WHAT IS EXPECTED:
Without including any images, please transcribe all the lines below exactly.

EXERCISE DATA:

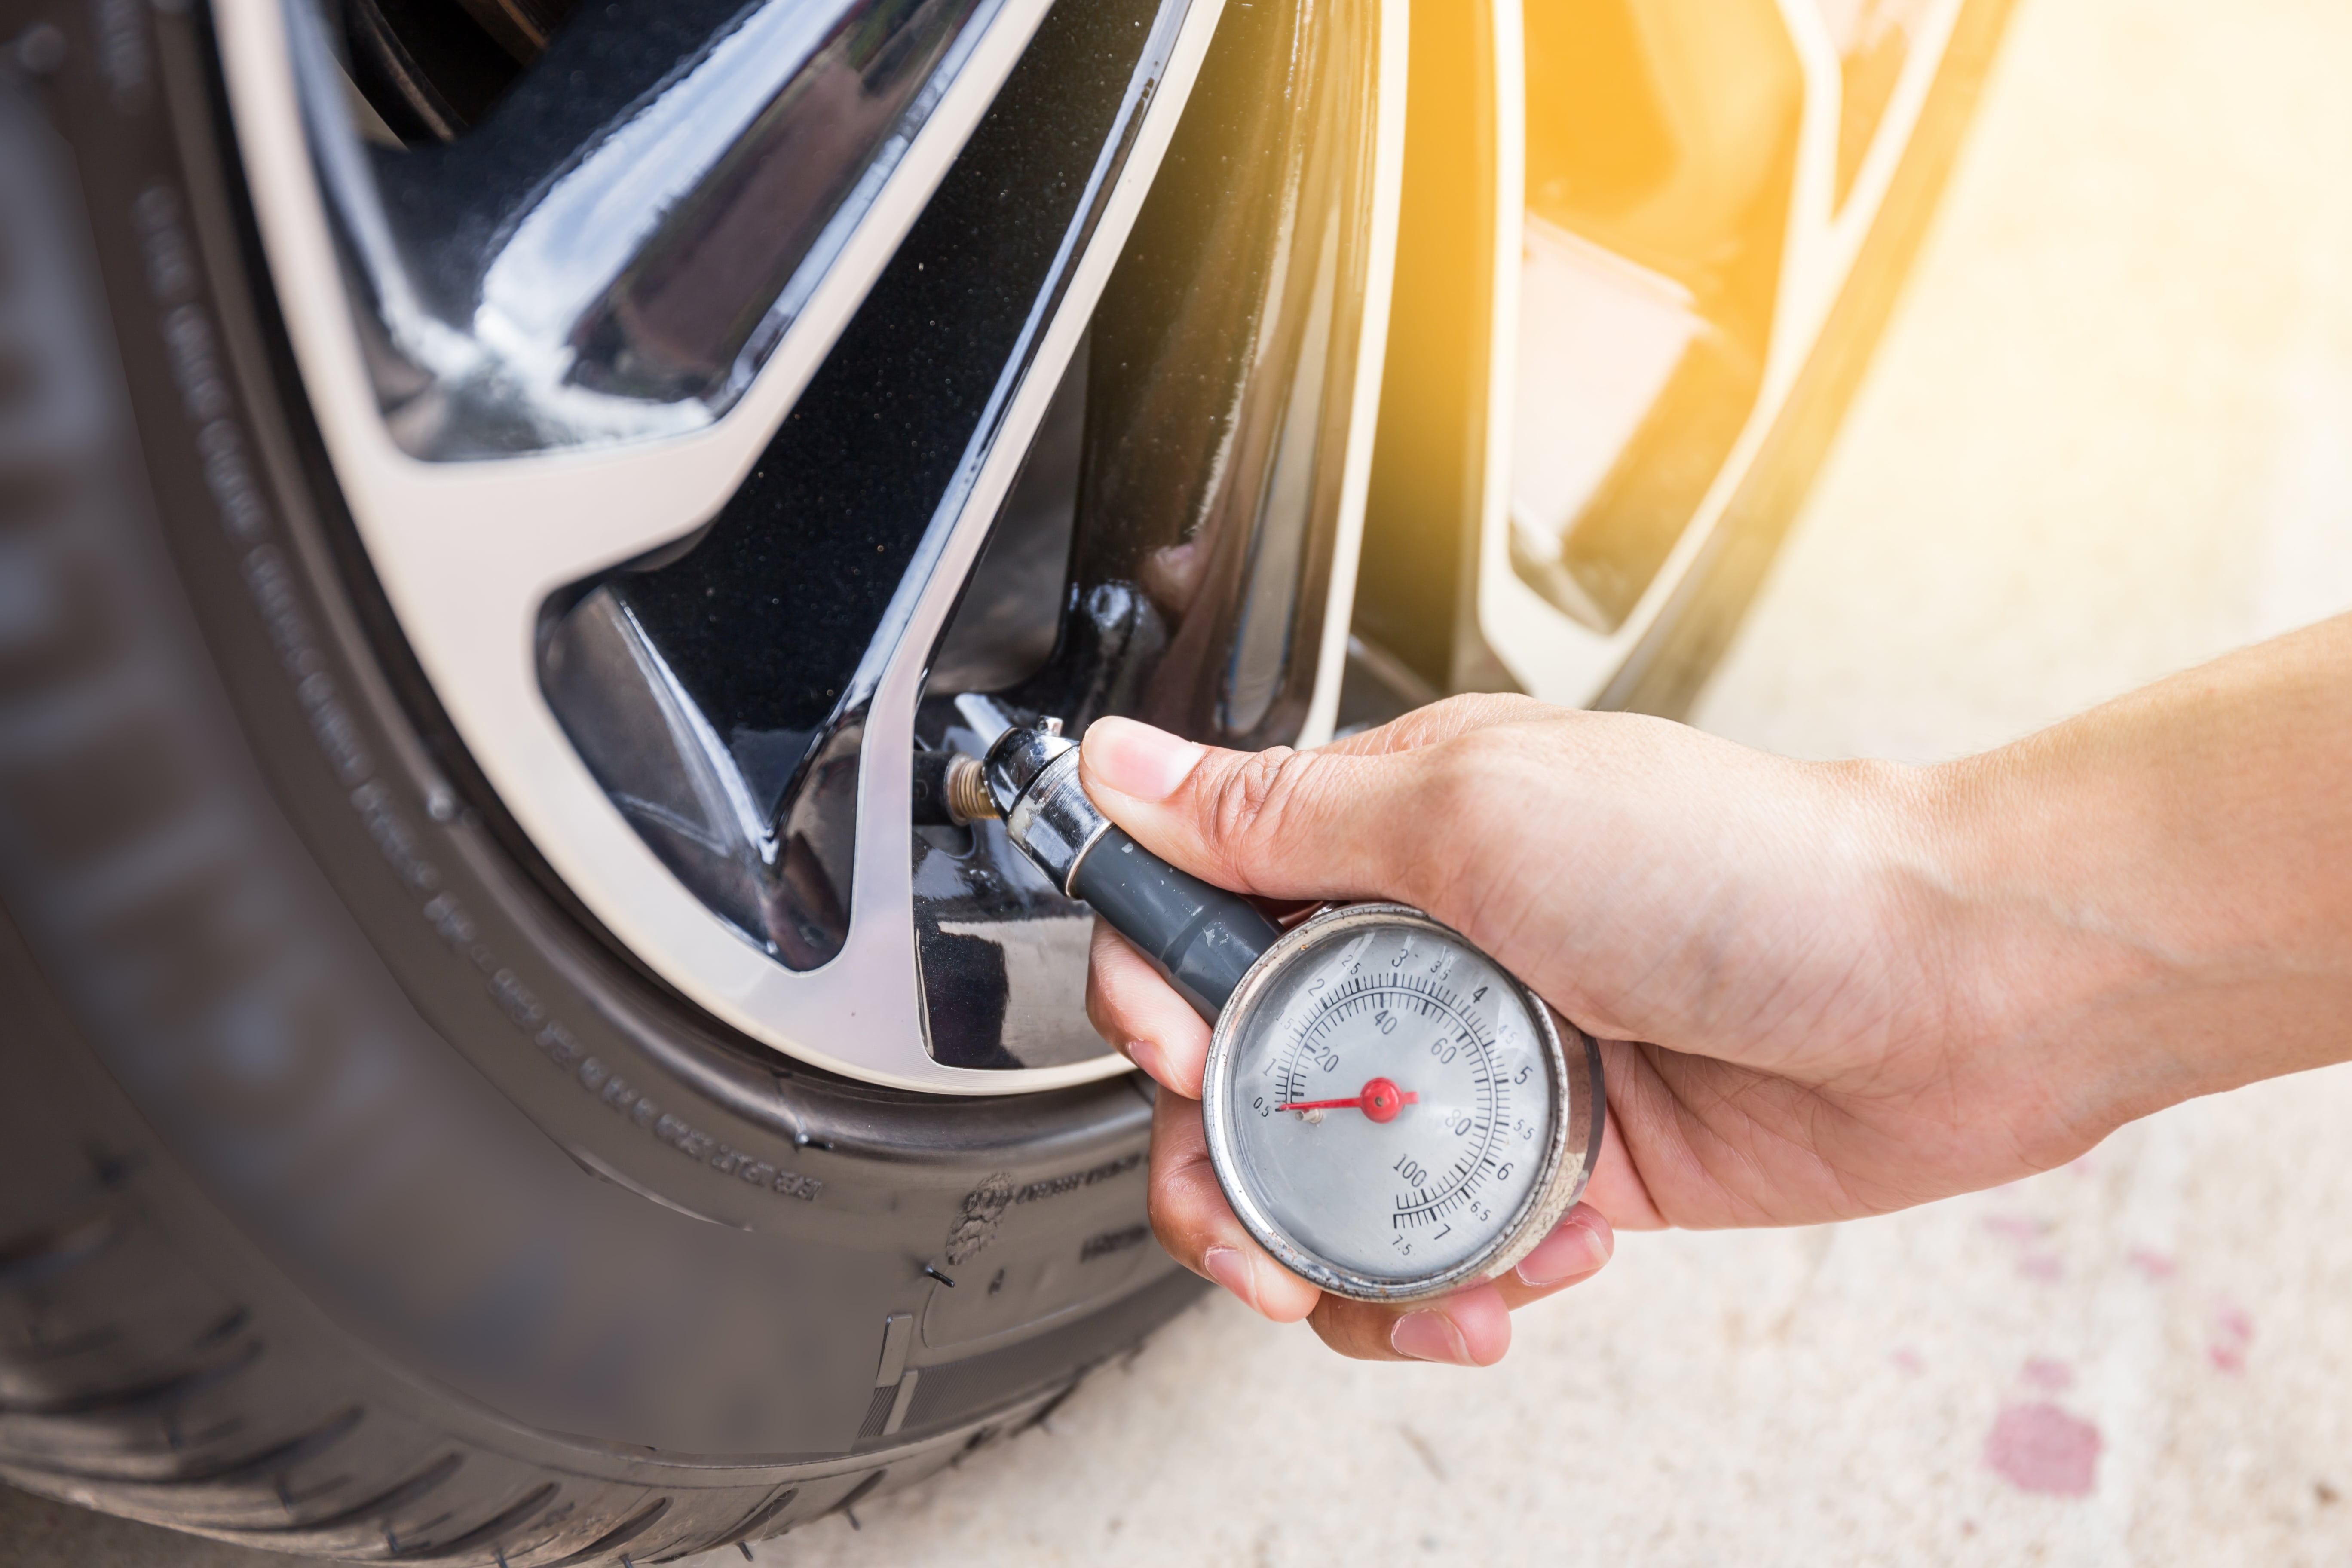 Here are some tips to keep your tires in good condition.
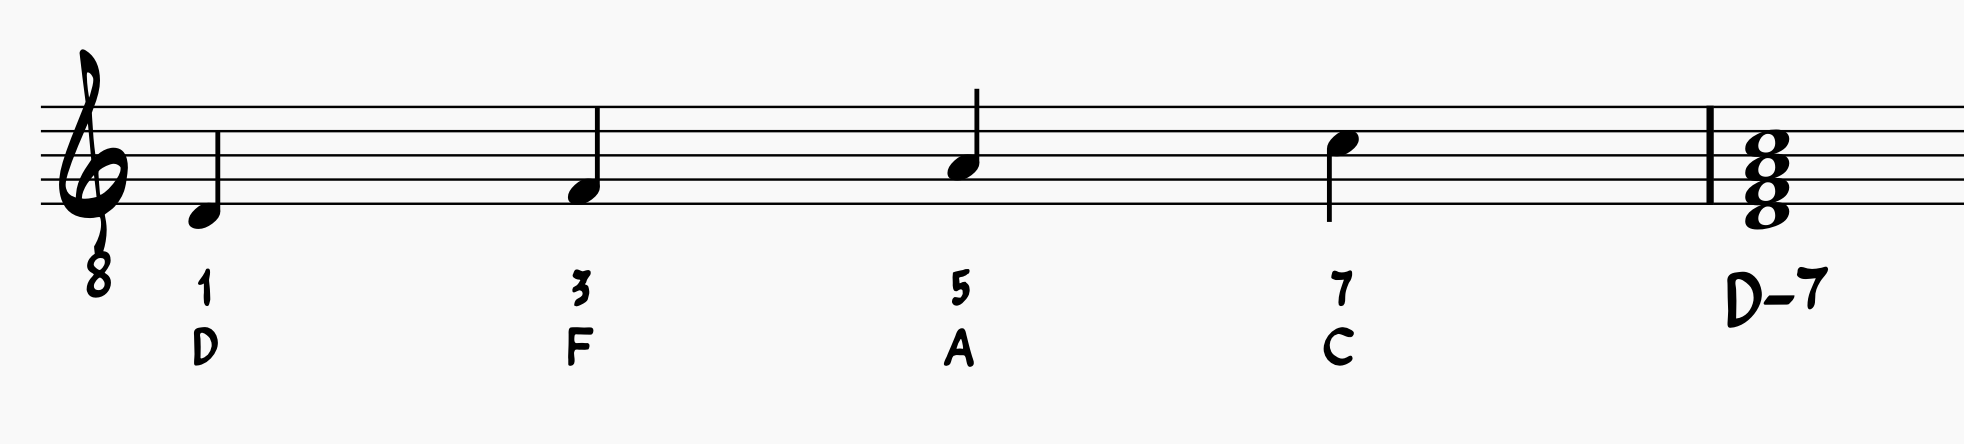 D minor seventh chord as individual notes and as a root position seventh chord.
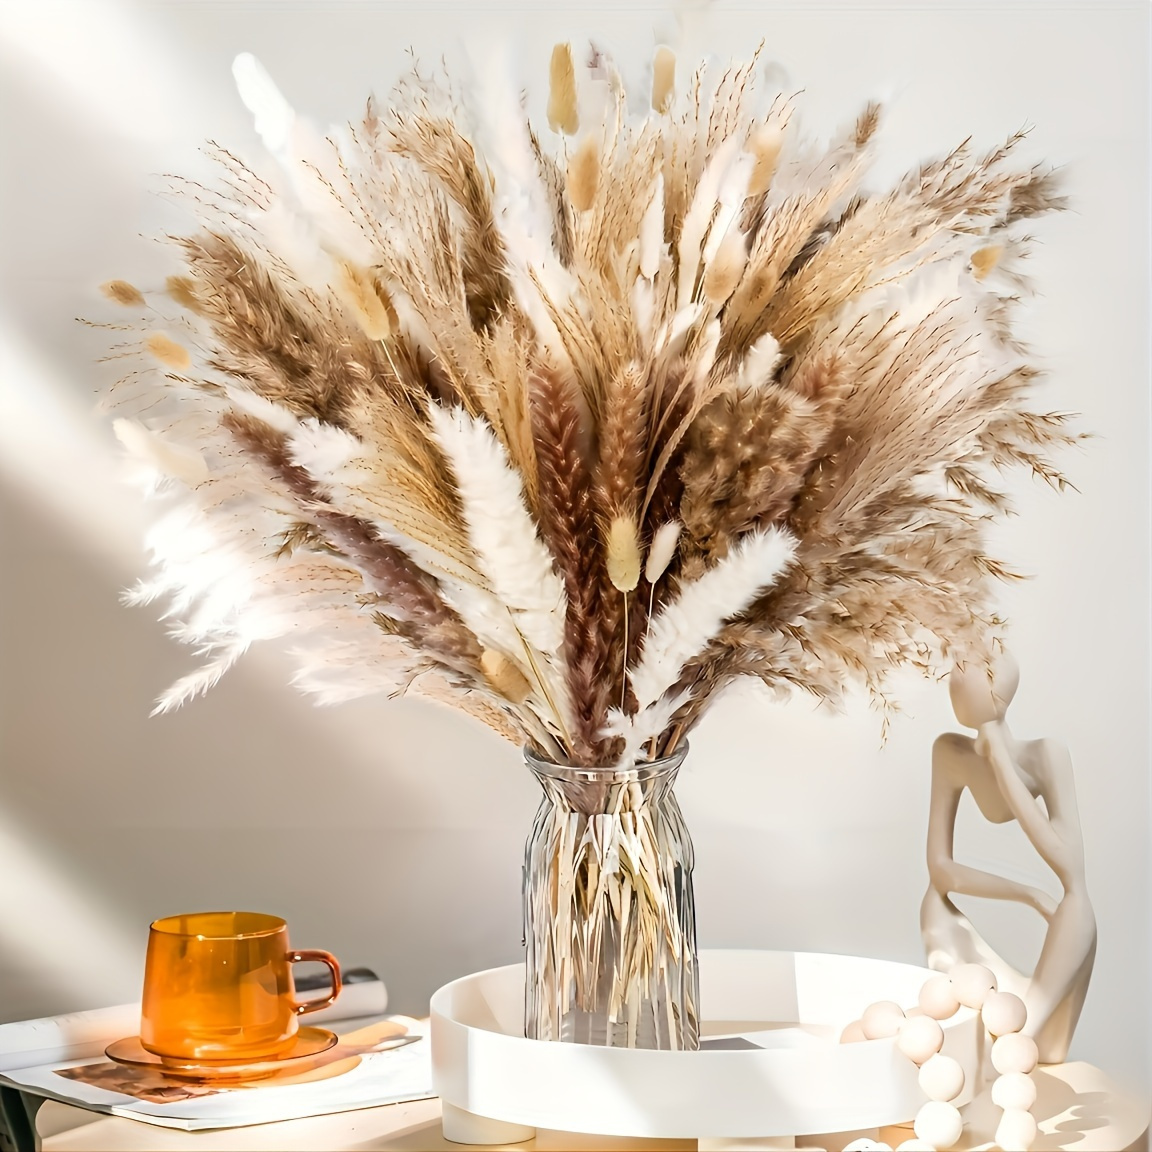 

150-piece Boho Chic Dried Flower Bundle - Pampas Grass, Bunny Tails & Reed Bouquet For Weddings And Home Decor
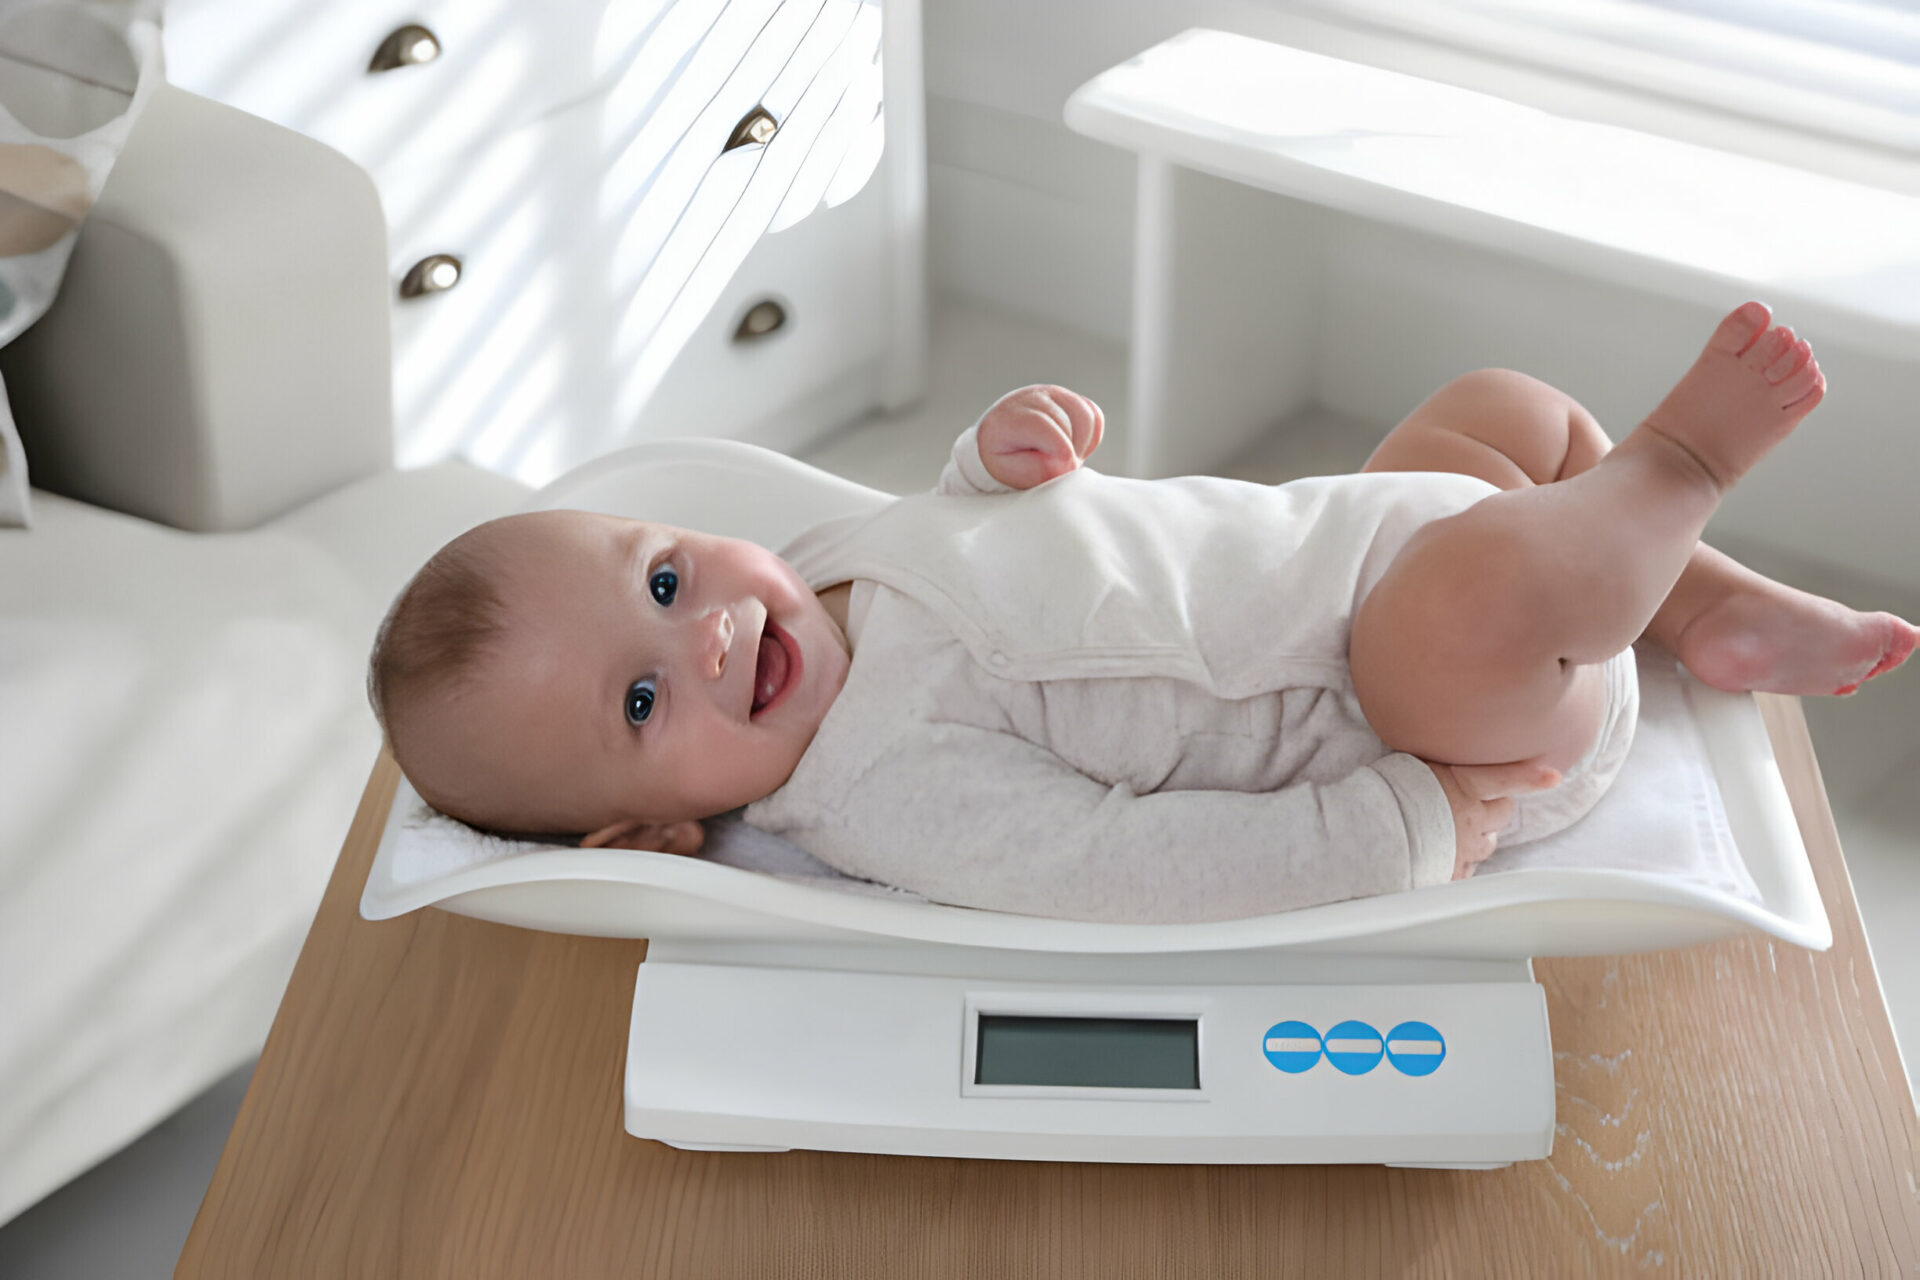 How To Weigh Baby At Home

REPLY:
 Here are some tips to keep your tires in good condition.
 D minor seventh chord as individual notes and as a root position seventh chord.

150-piece Boho Chic Dried Flower Bundle - Pampas Grass, Bunny Tails & Reed Bouquet For Weddings And Home Decor
 How To Weigh Baby At Home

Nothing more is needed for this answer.